From 61ec0dfe85147ac4e9c3a1980193b1fa6cf397d5 Mon Sep 17 00:00:00 2001
From: Aleksandr V Yeganov <ayeganov@gmail.com>
Date: Mon, 1 Sep 2025 13:42:49 -0400
Subject: [PATCH 4/4] make linting happy

---
 scratchgpt/dataloader.py |  5 ++--
 scratchgpt/preprocess.py | 19 ++++++++-----
 tests/test_preprocess.py | 61 +++++++++++++++++++++++++++-------------
 3 files changed, 56 insertions(+), 29 deletions(-)

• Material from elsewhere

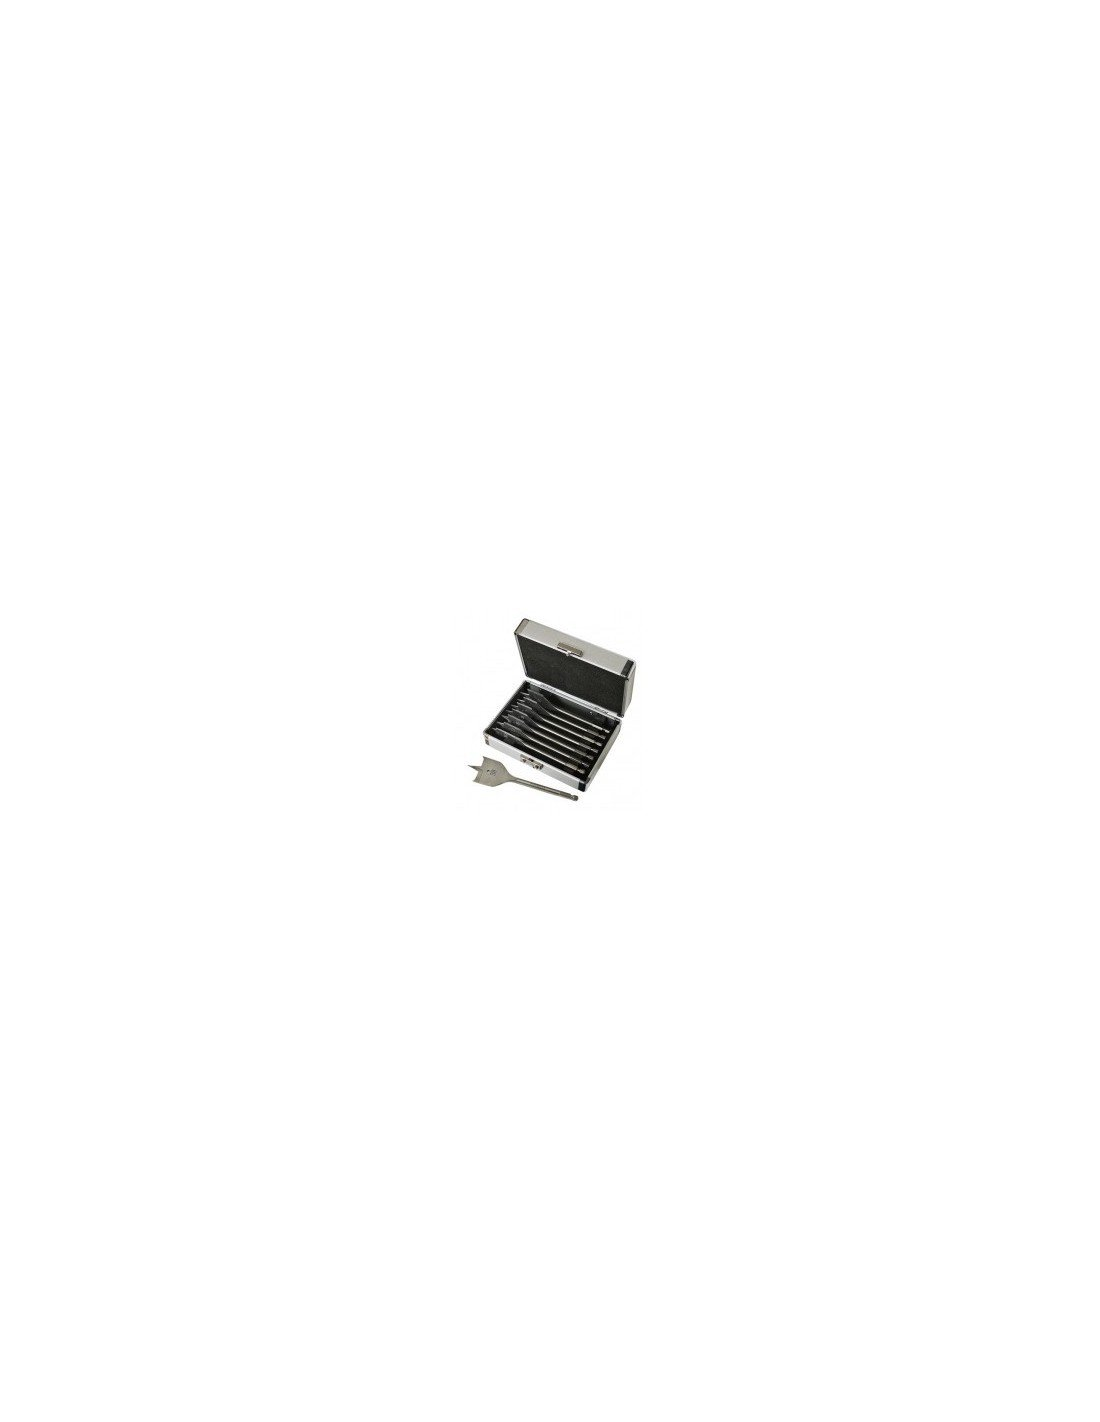 FACOM SC.ASX30x125 Tournevis ProTwist - Empreinte Torx 30x125 mm
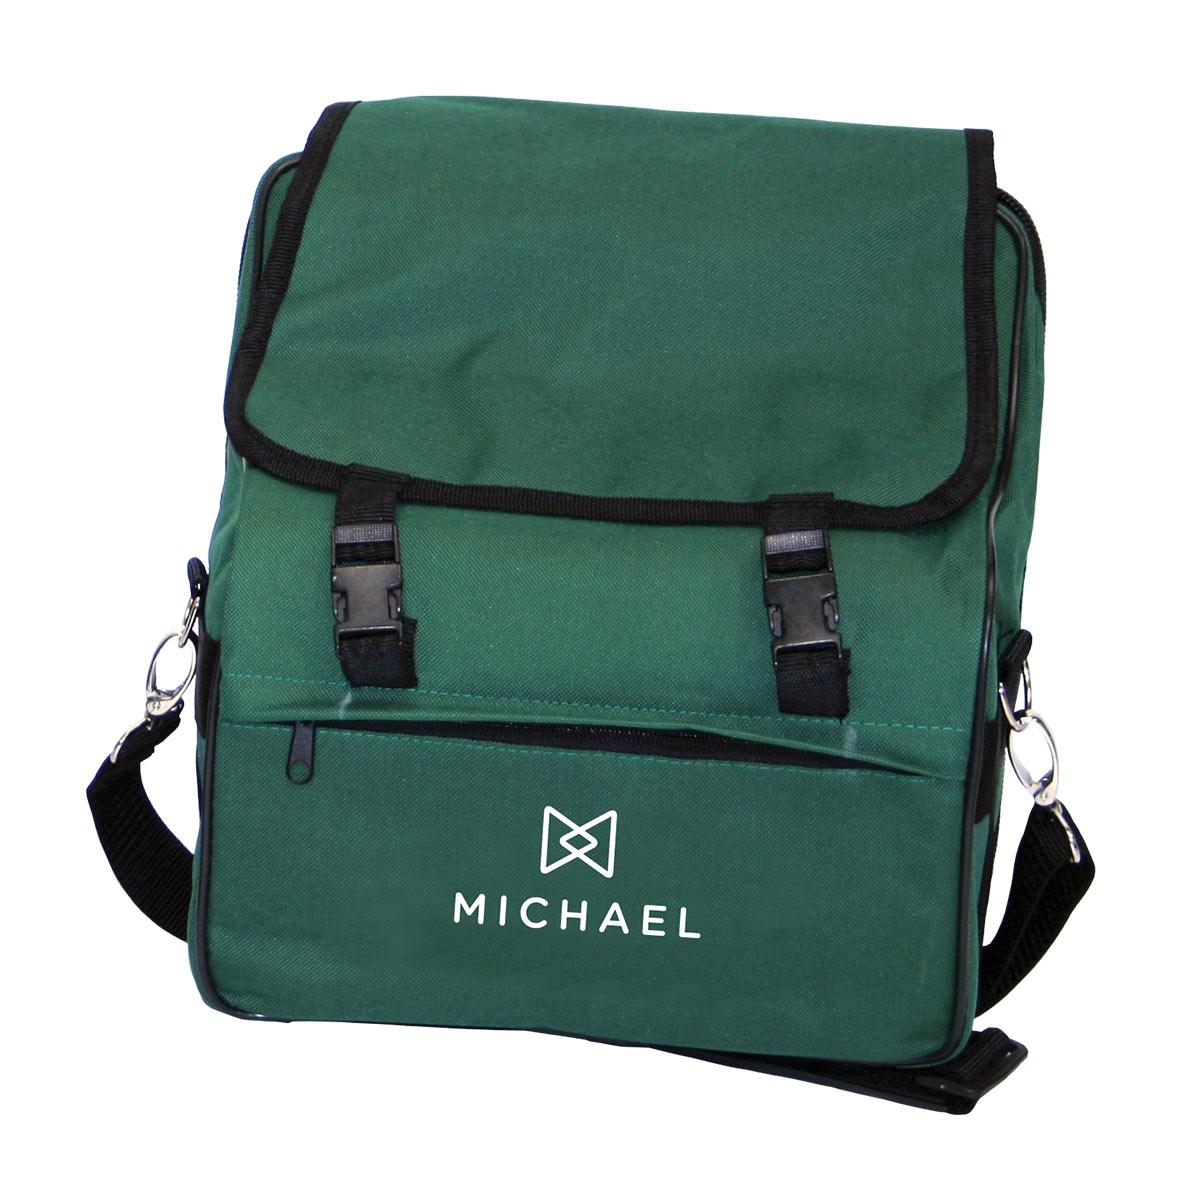 Acordeon de 8 Baixos - ACM 0822 PRD Michael

diff --git a/scratchgpt/dataloader.py b/scratchgpt/dataloader.py
index 6236f5f..99151a1 100644
--- a/scratchgpt/dataloader.py
+++ b/scratchgpt/dataloader.py
@@ -10,6 +10,8 @@
 
 from .tokenizer.base_tokenizer import Tokenizer
 
+DEFAULT_DTYPE = np.dtype(np.uint16)
+
 
 class TextProvider(ABC):
     @abstractmethod
@@ -98,8 +100,7 @@ def __init__(
         self,
         token_file: Path,
         block_size: int,
-        # Default is now an instance of the dtype class
-        dtype: np.dtype = np.dtype(np.uint16),
+        dtype: np.dtype = DEFAULT_DTYPE,
     ) -> None:
         super().__init__()
         self.block_size = block_size
diff --git a/scratchgpt/preprocess.py b/scratchgpt/preprocess.py
index 538a542..5c18030 100644
--- a/scratchgpt/preprocess.py
+++ b/scratchgpt/preprocess.py
@@ -1,13 +1,18 @@
 import io
 from pathlib import Path
-from typing import Protocol
+from typing import Any, Protocol
 
 import numpy as np
+from numpy.typing import DTypeLike
 from tqdm import tqdm
 
 from .tokenizer.base_tokenizer import Tokenizer
 
 
+class SupportsUpdate(Protocol):
+    def update(self, n: int) -> Any: ...
+
+
 class Preprocessor(Protocol):
     """
     Preprocessor protocol for handling dataset conversion using a specific tokenizer.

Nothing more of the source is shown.